Reactive molecular dynamics simulations are carried out with the purpose of analyzing how the catalyst particle size and the strength of adhesion between the catalyst surface and carbon structures formed at initial stages may affect the growth process of single wall carbon nanotubes (SWCNT), leading to cap lift-off or otherwise causing graphitic encapsulation and therefore poisoning of the catalyst. Our MD simulations show that the size of the particle defines the diameter of the resulting fullerene and therefore its curvature energy.

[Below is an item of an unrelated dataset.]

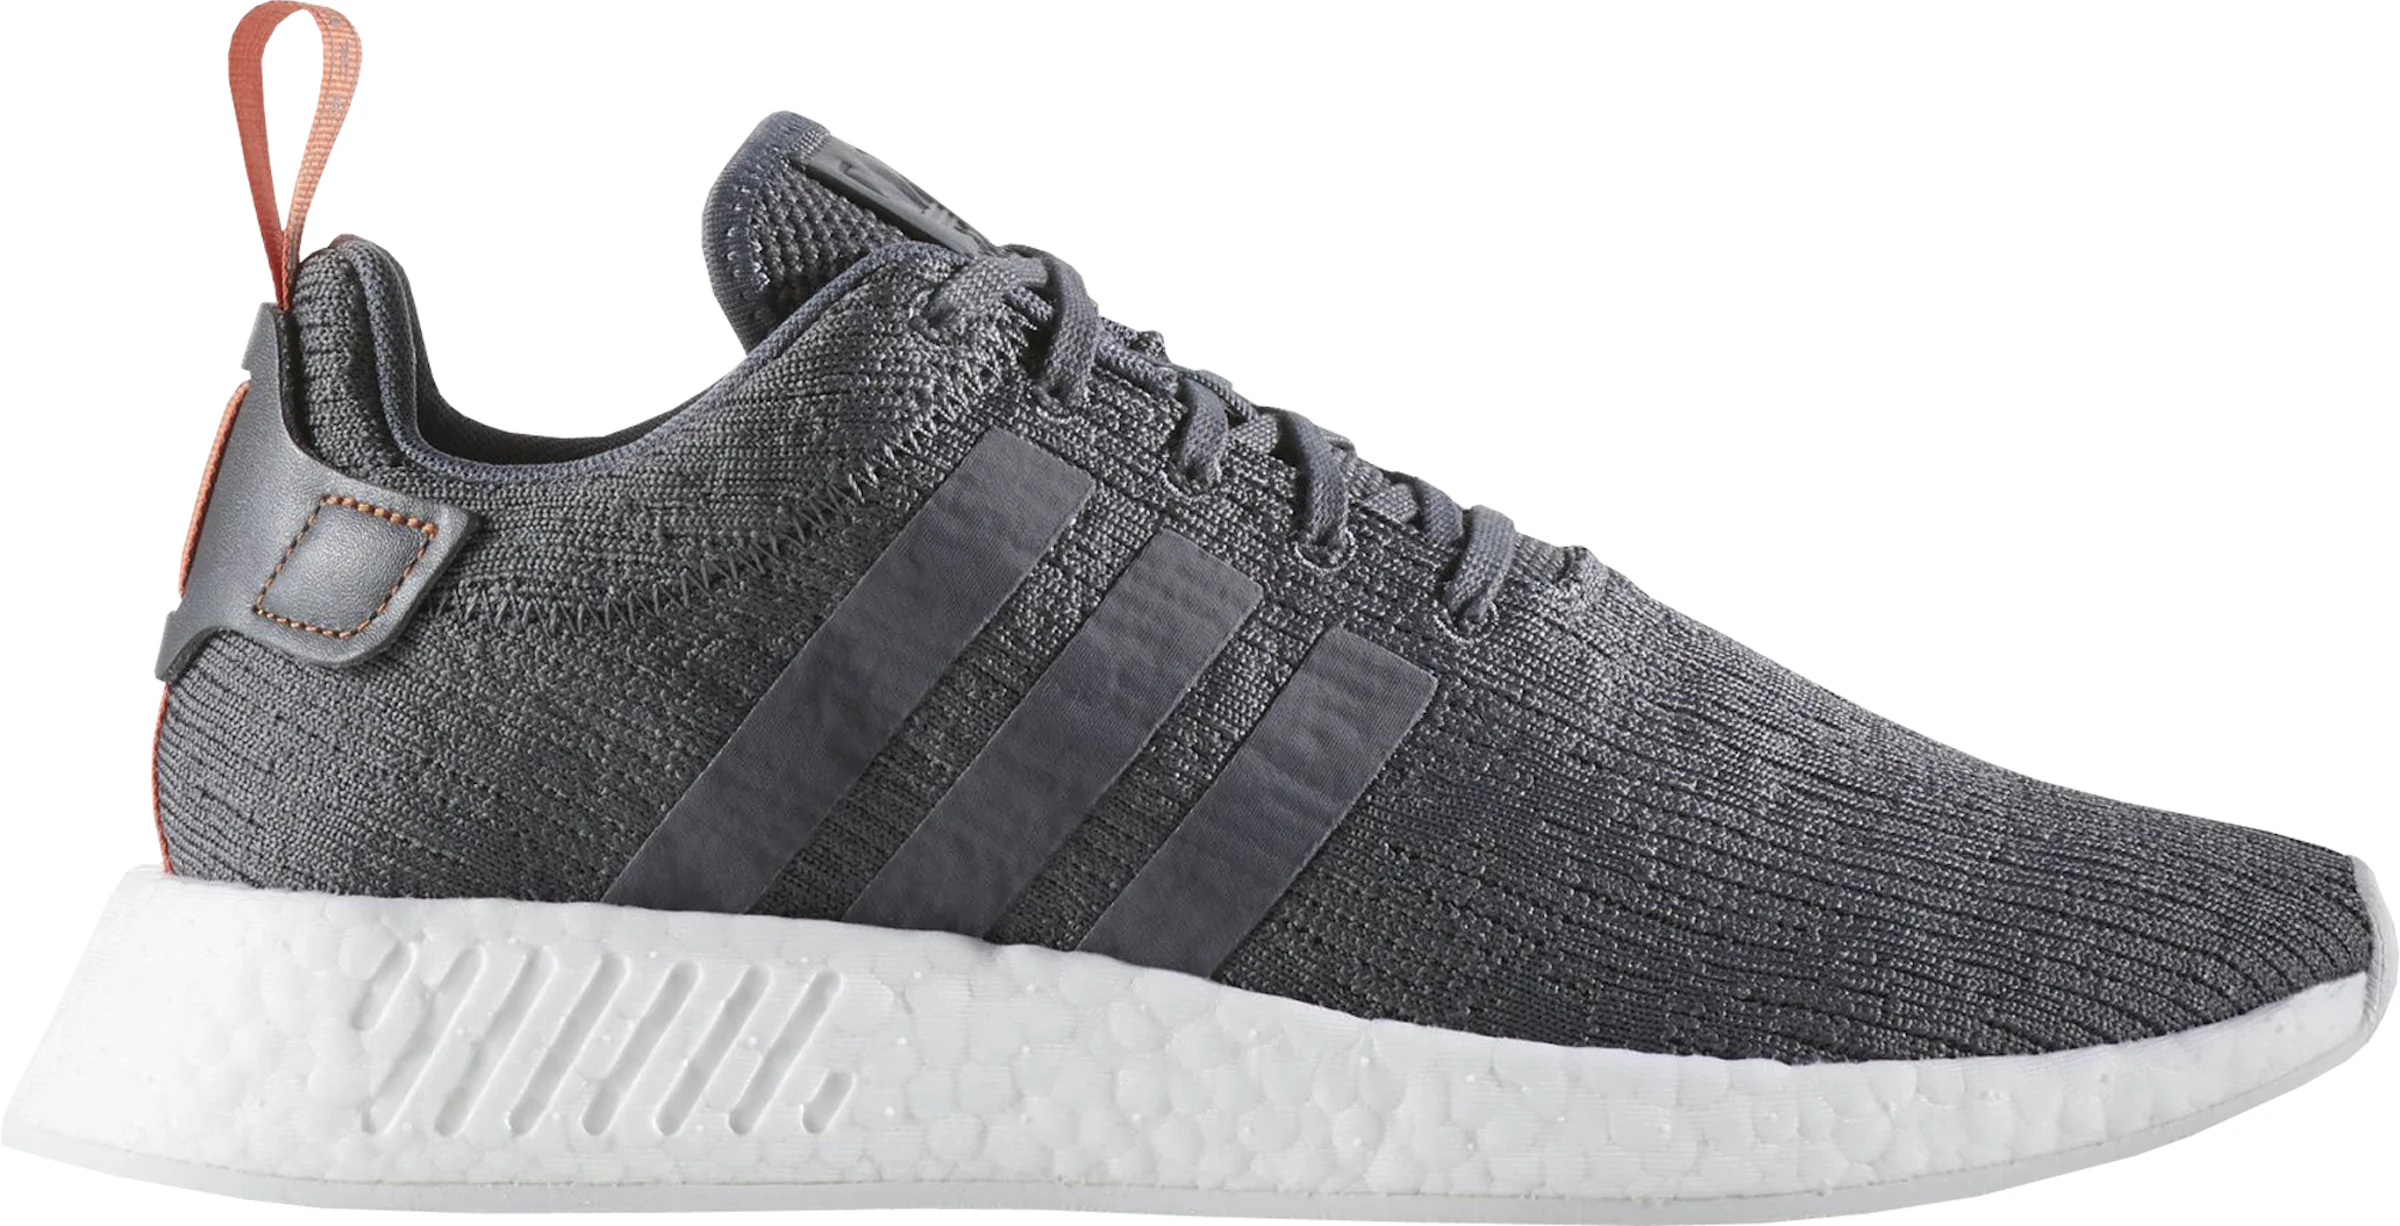 Adidas NMD R2 Reviewed for Performance and Quality
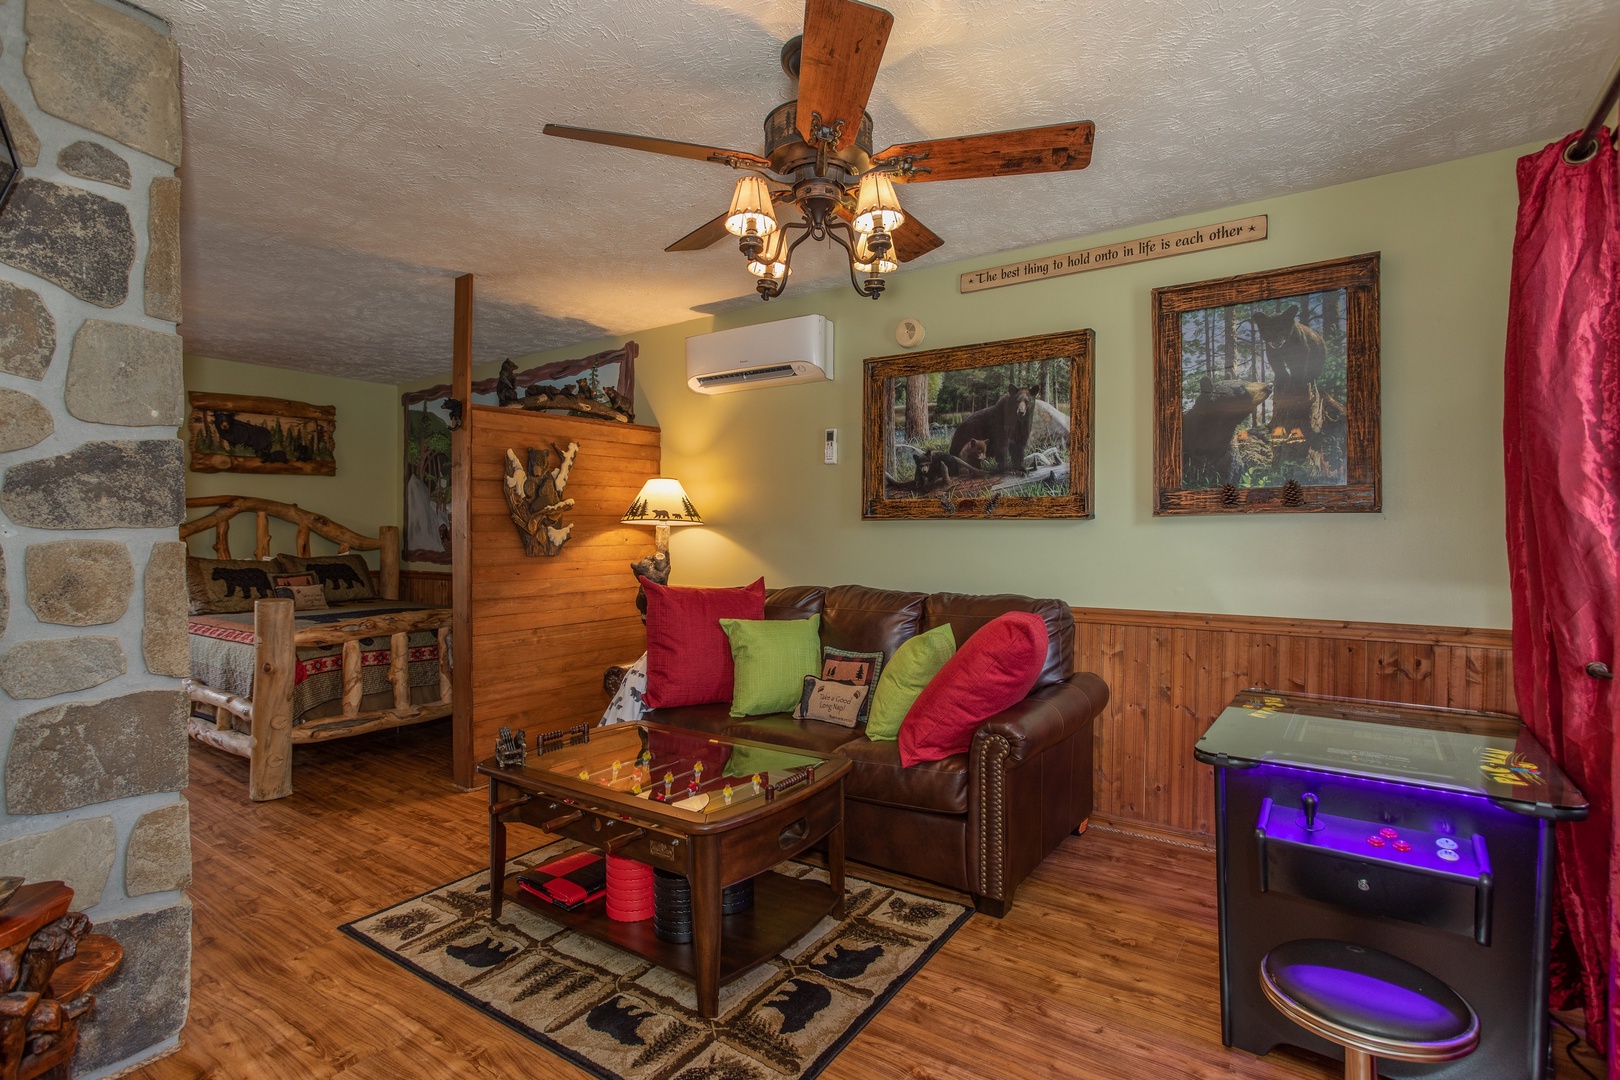 Sleeper sofa and arcade game in the living room at Bear Mountain Hollow, a 1 bedroom cabin rental located in Pigeon Forge

We found that the work of adhesion must be weak enough to avoid the curvature energy of a spherical fullerene to be favorable over that of a single-wall carbon nanotube of the same diameter allowing in this way the lifting of caps, these results were found in agreement with the Smalley-Hafner curvature energy model1. Moreover, we propose that a simple model combining thermodynamic and kinetic effects may help to identify regions of single-wall carbon nanotube growth in the phase space defined by work of adhesion, temperature, and catalyst size.

Reference (1) Hafner, J. H.; Bronikowski, M. J.; Azamian, B. R.; Nikolaev, P.; Rinzler, A. G.; Colbert, D. T.; Smith, K. A.; Smalley, R. E. Chemical Physics Letters 1998, 296, 195.